How to count number of occurred exceptions and print it?

Question

I'm trying to do something. I want to open multiple files and count the words in it for example, but I want to know how many of files couldn't be open.

Its what I tried:

i = 0
def word_count(file_name):
    try:
        with open(file_name) as f:
            content = f.read()
    except FileNotFoundError:
        pass
        i = 0
        i += 1
    else:
        words = content.split()
        word_count = len(words)
        print(f'file {file_name} has {word_count} words.')


file_name = ['data1.txt','a.txt','data2w.txt','b.txt','data3w.txt','data4w.txt']
for names in file_name:
    word_count(names)
print(len(file_name) - i , 'files weren\'t found')
print (i)

So, I get this error:

runfile('D:/~/my')
file data1.txt has 13 words.
file data2w.txt has 24 words.
file data3w.txt has 21 words.
file data4w.txt has 108 words.
Traceback (most recent call last):

  File "D:\~\my\readtrydeffunc.py", line 27, in <module>
    print(len(file_name) - i , 'files weren\'t found')

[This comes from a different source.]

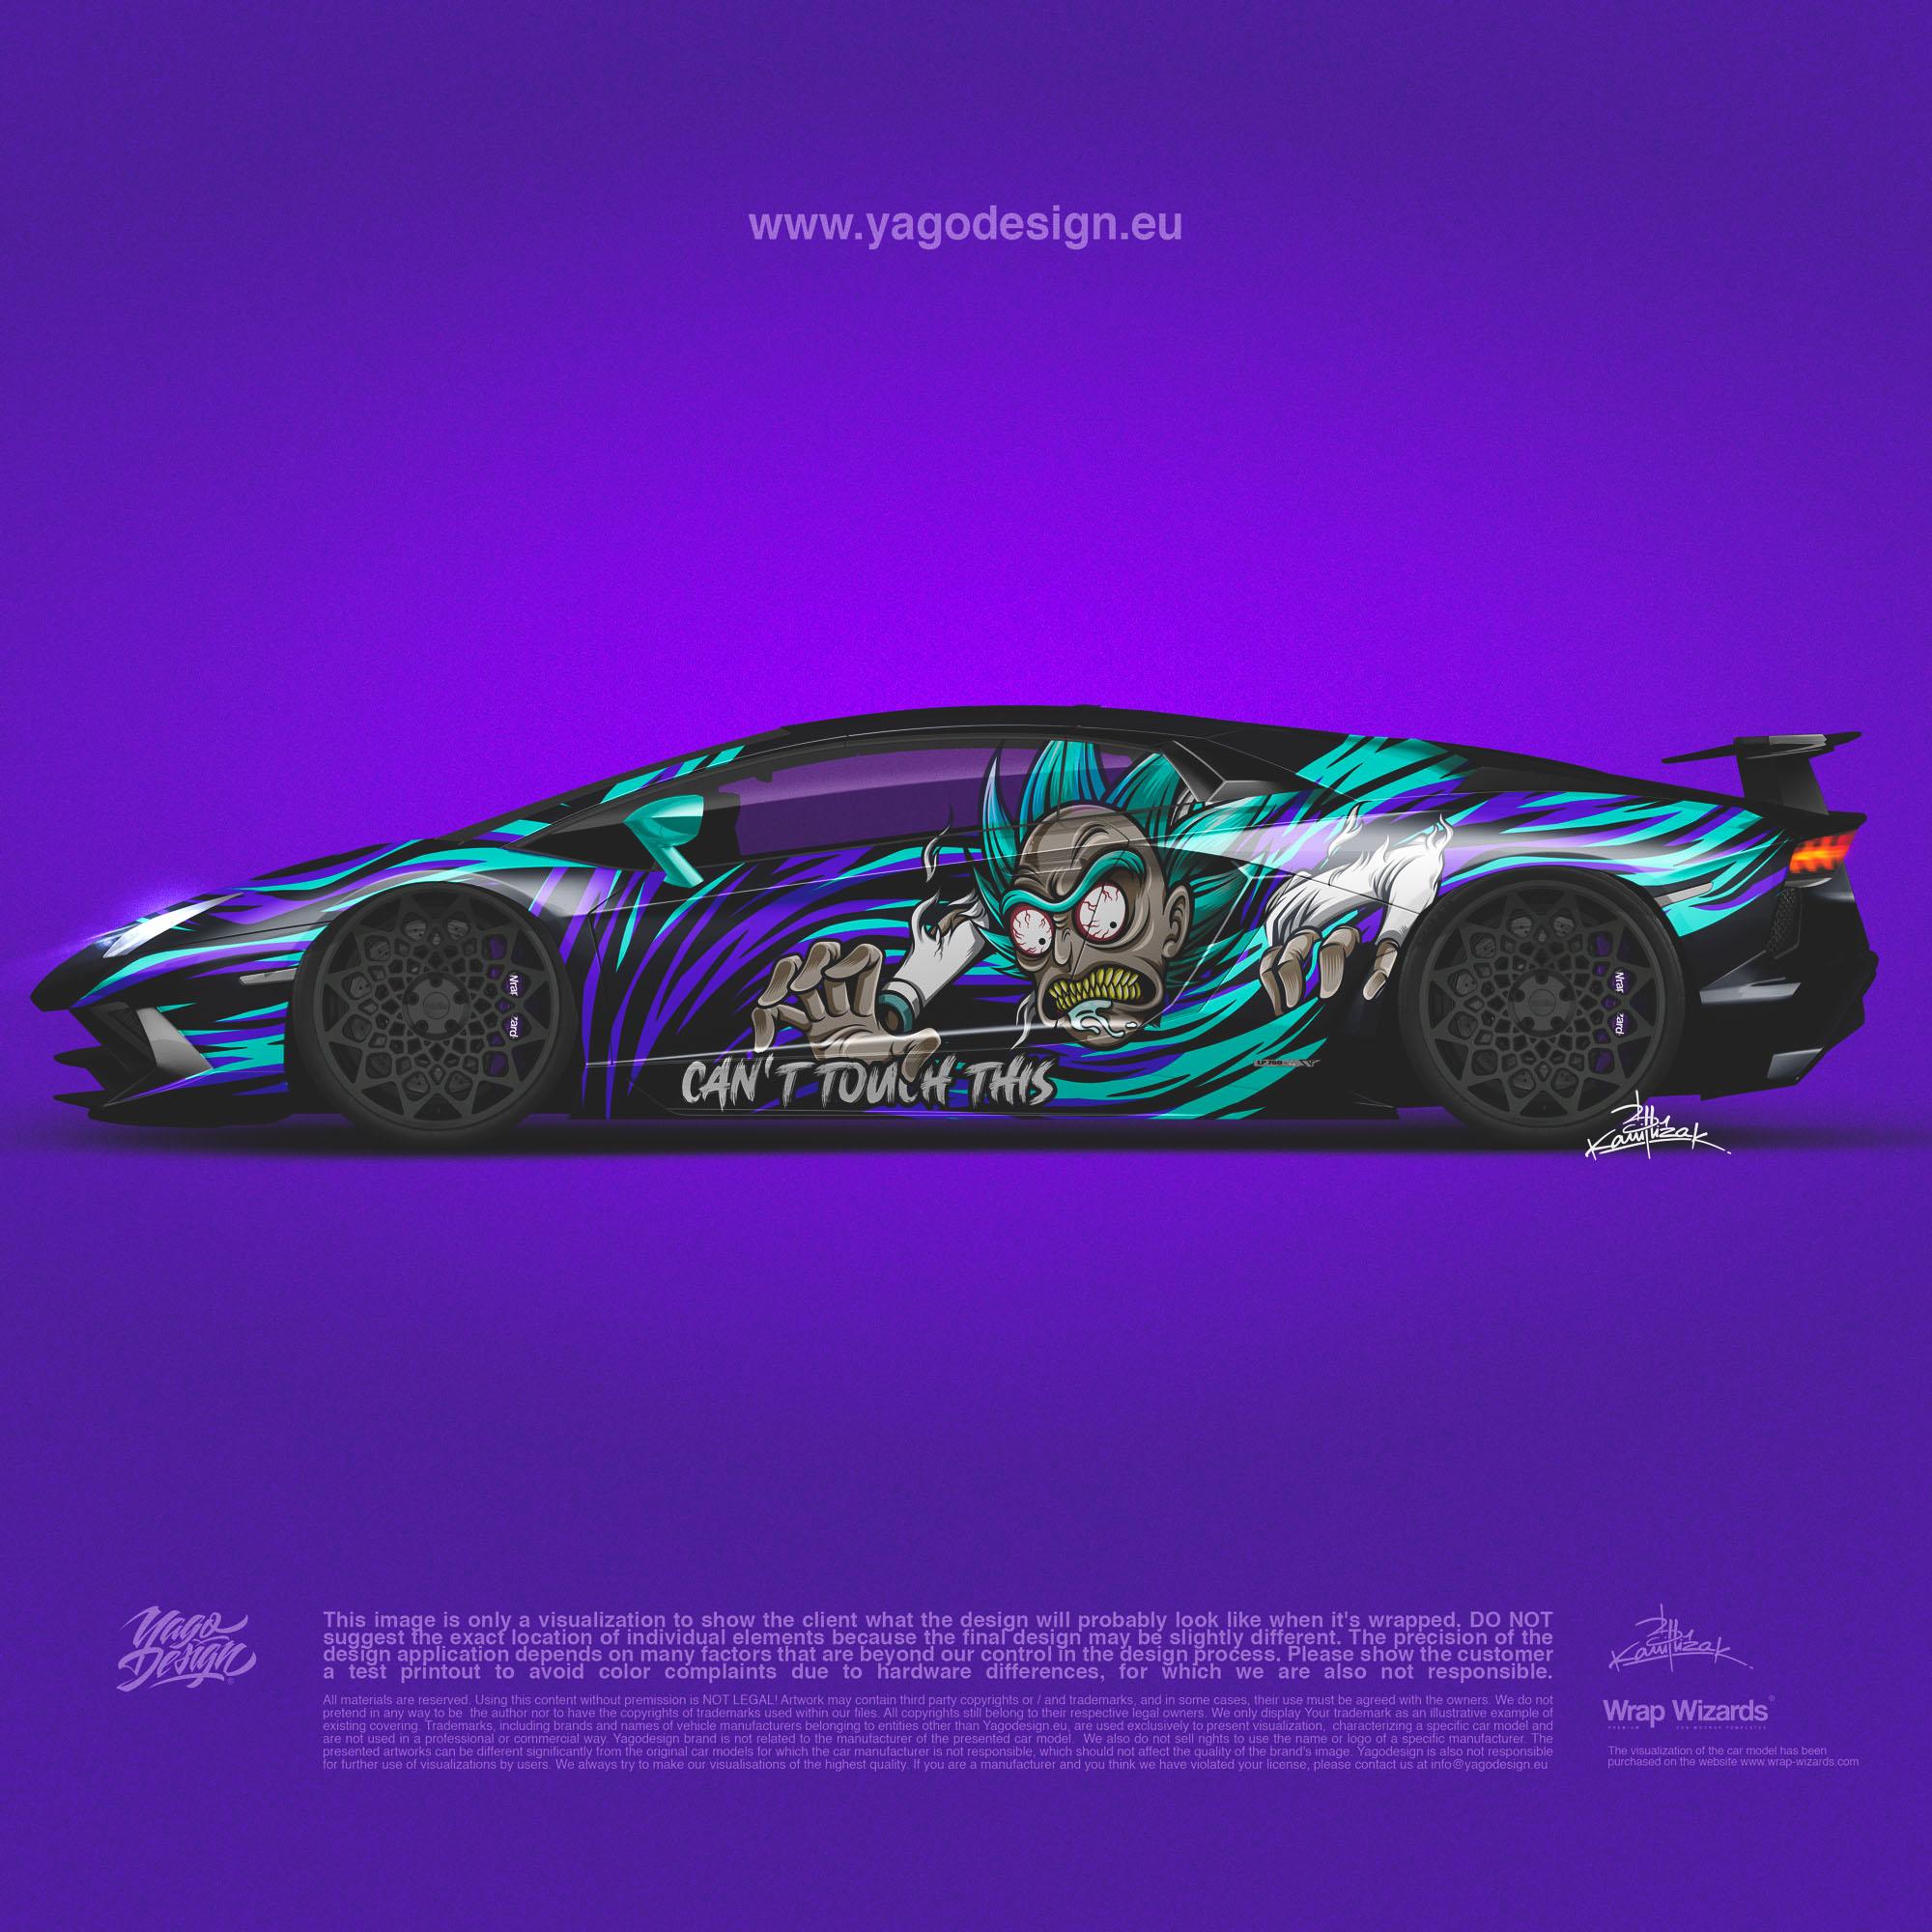 Lamborghini-Aventador-LP750-4-SV-Roadster-2016-sv1

NameError: name 'i' is not defined

I tried something else also, but I think I don't understand the meaning of scopes well. I think its because i is assigned out of except scope, but when I assign i = 0 in except scope, I can't print it at the end, because it will be destroyed after execution.

Answer 1

Yes, you're on the right track. You need to define and increment i outside the function, or pass the value through the function, increment, and return the new value. Defining i outside the function is more common, and more Pythonic.

def count_words(file_name):
    with open(file_name) as f:
        content = f.read()
    words = content.split()
    word_count = len(words)
    #print(f'file {file_name} has {word_count} words.')
    return word_count


file_name = ['data1.txt','a.txt','data2w.txt','b.txt','data3w.txt','data4w.txt']

i = 0
for names in file_name:
    try:
        result = count_words(names)
    except FileNotFoundError:
        i += 1

print(i, 'files weren\'t found')

Answer 2

I would recommend breaking this into 2 functions; One to handle the word counting and a second to control the flow of the script. The control one should handle any errors that arise as well as handle and the feedback from said errors.

def word_count(file_name):
    with open(file_name) as f:
        content = f.read()
        words = content.split()
        word_count = len(words)
        print(f'file {file_name} has {word_count} words.')

def file_parser(files):
    i = 0
    for file in files:
        try:
            word_count(file)
        except FileNotFoundError:
            i+=1
    if i > 0:
        print(f'{i} files were not found')

file_names = ['data1.txt','a.txt','data2w.txt','b.txt','data3w.txt','data4w.txt']
file_parser(file_names)

Answer 3

While refactoring your code to not use global variables should be the preferred approach (see edit for a possible refactoring), the minimal modification to get your code running is to remove pass and i = 0 within the except clause, and ask i to be used globally inside your function:

def word_count(file_name):
    global i  # use a `i` variable defined globally
    try:
        with open(file_name) as f:
            content = f.read()
    except FileNotFoundError:
        i += 1  # increment `i` when the file is not found
    else:
        words = content.split()
        word_count = len(words)
        print(f'file {file_name} has {word_count} words.')


i = 0
file_name = ['data1.txt','a.txt','data2w.txt','b.txt','data3w.txt','data4w.txt']
for names in file_name:
    word_count(names)
print(i, 'files weren\'t found')

Note that i will contain the number of files not found.

---

EDIT

A reasonably refactored code could look something like:

def word_count(filepath):
    result = 0
    with open(filepath) as file_obj:
        for line in file_obj:
            result += len(line.split())
    return result


def process_files(filepaths):
    result = {}
    num_missing = 0
    for filepath in filepaths:
        try:
            num_words = word_count(filepath)
        except FileNotFoundError:
            num_missing += 1
        else:
            result[filepath] = num_words
    return result, num_missing


filenames = [
    'data1.txt', 'a.txt', 'data2w.txt', 'b.txt', 'data3w.txt', 'data4w.txt']
wordcounts, num_missing = process_files(filenames)
for filepath, num_words in wordcounts.items():
    print(f'File {filepath} has {num_words} words.')
print(f'{i} files weren\'t found')

Notes:

• the word_count() function now only does one thing: word counting. This is done on a line by line basis to better handle potentially long files, which could fill the memory if loaded at once.
• the process_files() function extract the essential information and stores them in a dict
• all the printing of the results is done in one place, and could be easily wrapped up in a main() function.
• num_missing (formerly i, circa) is now a local variable.

Finally note that while explicitly counting the number of exception is one way, the other being just getting this information by subtracting the number of elements in result from the number of input filepaths. This could be done anywhere, there is no need to do this in process_files().